The final cautionary note can be found in the case’s only footnote, where the Court indicated without even being asked that Plaintiff’s case had “a strong proximate causation problem.” Indeed, Plaintiff had suffered diabetic-related foot injuries before and after this alleged incident, and had been using the product without incident for years before suffering these particular injuries. Plaintiff’s doctor also testified that he could not testify that, to a reasonable degree of medical certainty, that the complained-of injuries were caused by the rub cream at all.

Massachusetts: Summary Judgment For Manufacturer due to Plaintiff’s Lack of Causation

Recently, the United States District Court for the District of Massachusetts granted summary judgment in favor of a manufacturer of an injection molding machine on plaintiff’s claim that it was defectively manufactured, for lack of causation evidence. Brown v. Husky Injection Molding Sys., Inc., — F.Supp.2d —, No. 08-11840-RGS, 2010 WL 4638761 (D. Mass. Nov. 17, 2010). This case is interesting for the Court’s analysis of a manufacturing defect claim regarding a product that was manufactured and installed in the 1970s.

Defendant, Husky Injection Molding Systems, Inc. (“Husky”) manufactured a 1525 series injection molding machine with serial number 3350 (“3350 machine”) which was sold to WNA Comet East, Inc. (“Comet”) in 1974. Plaintiff, Jimmy Brown (“Brown”), began working for Comet as an injection molding machine operator in 2003. In 2006, while trying to clean the 3350 machine, his left hand got caught in the belt and pulley, suffering “crush injuries.” It was undisputed that the 1525 series was designed with a front pulley guard, and if it had been in place, the accident would not have happened. It was also undisputed that in 2000, Comet had “rebuilt the 3350 machine, stripping it to its base, and replacing or refurbishing constituent parts as needed.”

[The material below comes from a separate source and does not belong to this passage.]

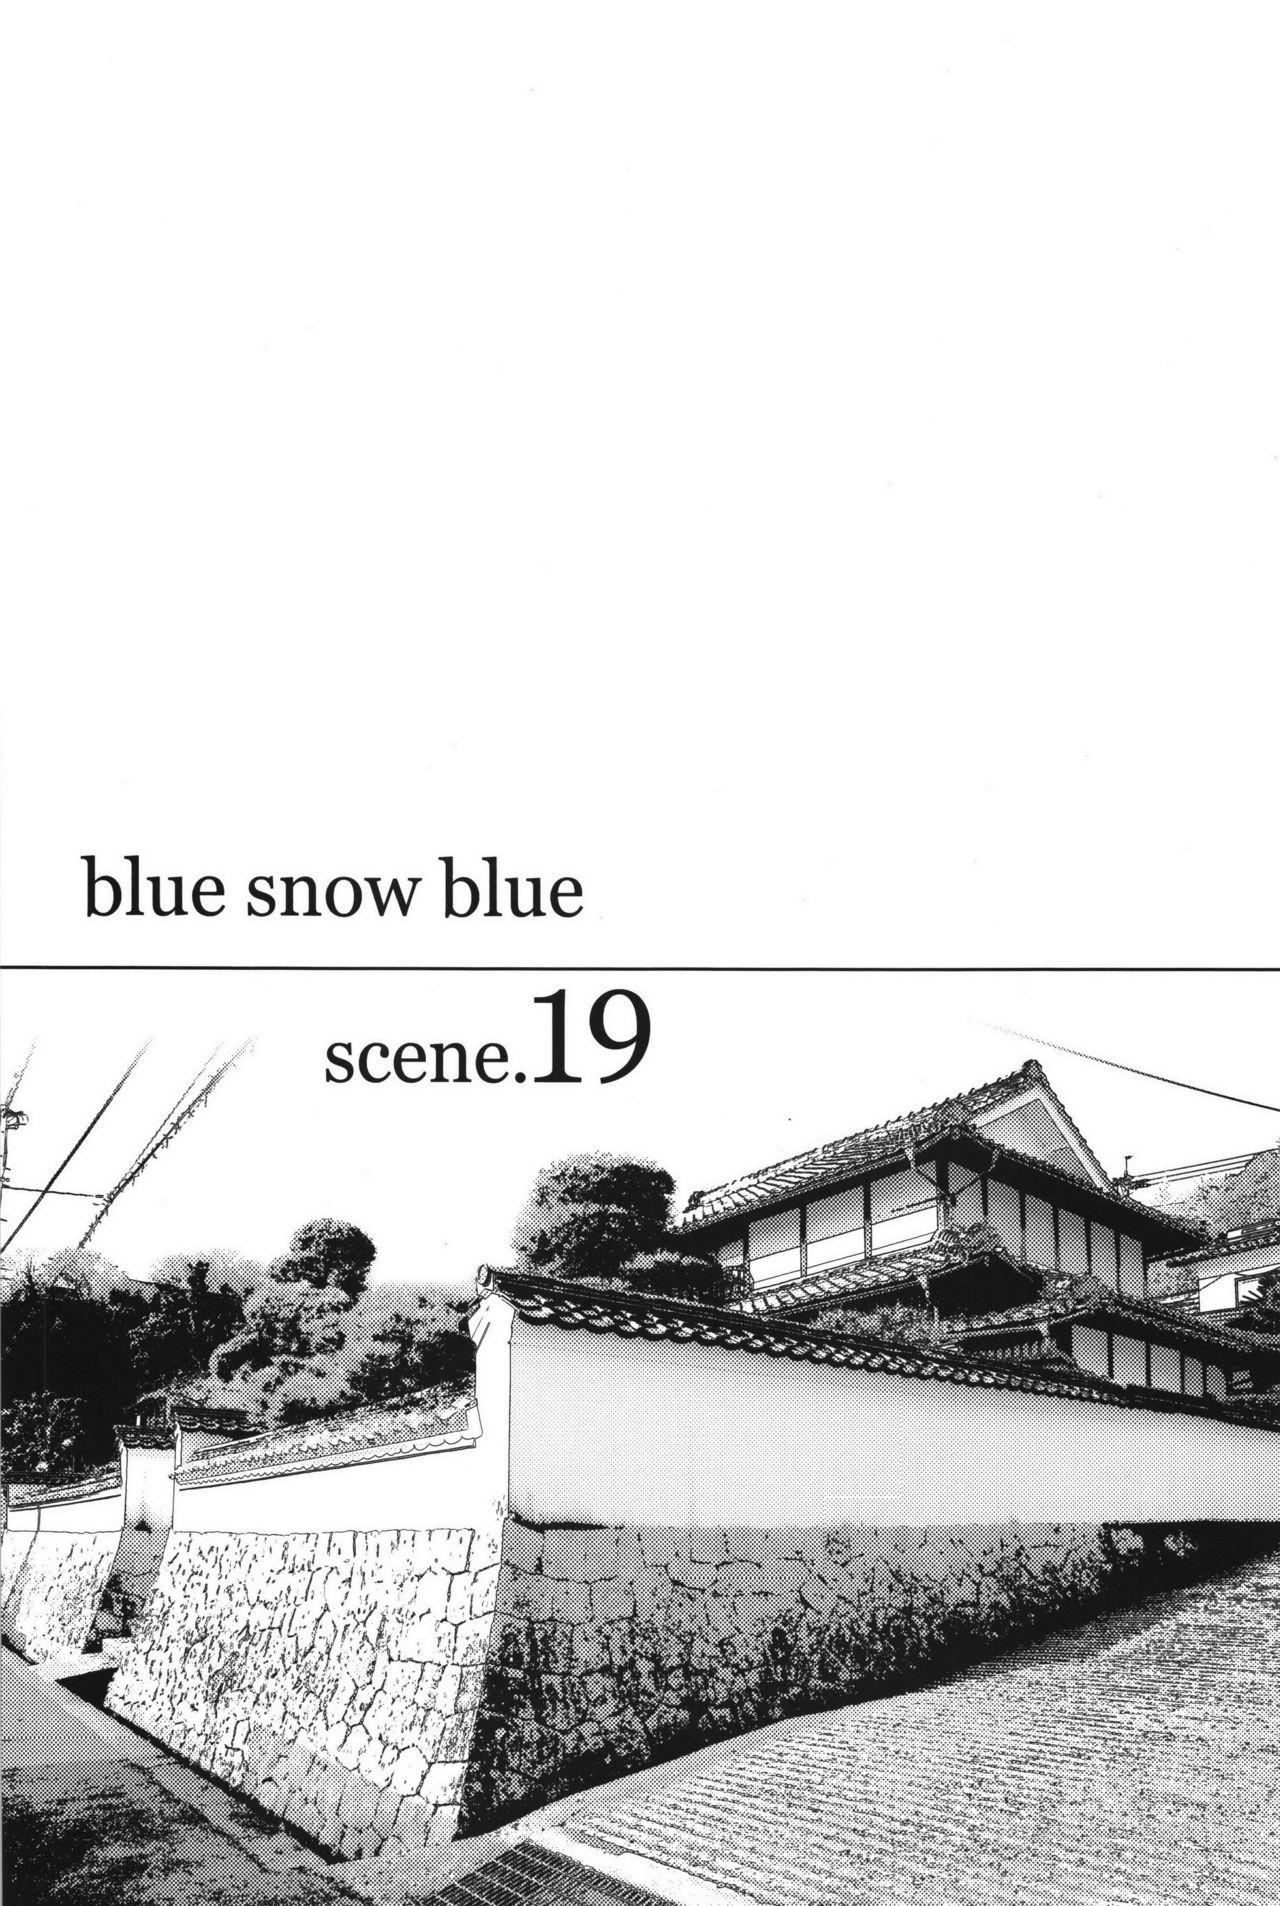 blue snow blue scene.19 1

Brown asserted a claim against Husky alleging that the 3350 machine was defectively manufactured because Husky failed to install the front pulley guard. In response, Husky asserted that Brown had no evidence that the 3350 did not have the pulley guard when it was delivered to Comet. Husky filed a motion for summary judgment. In support of Husky’s position, the technician that installed the 3350 machine in 1974 testified that it had the front pulley guard when installed. In rebuttal, Brown offered testimony of a Comet employee that testified that he had never seen a guard on the 3350 machine. However, this employee did not begin working with these machines until 1976, two years after installation.

The Court first distinguished a claim for a design defect and a manufacturing defect. To prove the first, a plaintiff must only prove that a defect in the design existed at the time the product left the manufacturer’s control. To prove the latter, a plaintiff must show that the defect was caused by a manufacturing error affecting only one particular product and that it was not caused by intermediaries. The Court concluded that while Brown had testimony that no guard was on the machine in 1976, he could not rebut Husky’s installer’s testimony that at installation, a guard was on the machine. Further, Brown did not have testimony regarding the presence or absence of guards before and after the 2000 refurbishment. Therefore, the Court found that Brown could not prove causation and granted Husky’s motion for summary judgment.

This case exemplifies the difficulties in proving a manufacturing defect case, especially when a product is in the hands of an intermediary for a long period of time. Essentially, in this type of case, a plaintiff must be armed with testimony accounting for a product’s condition and non-alteration the entire period of time from the date it left the manufacturer’s control until the injury. Sometimes this can be extremely hard. But without that testimony, a defendant will be able to raise, like here, the potentially fatal absence of evidence of causation.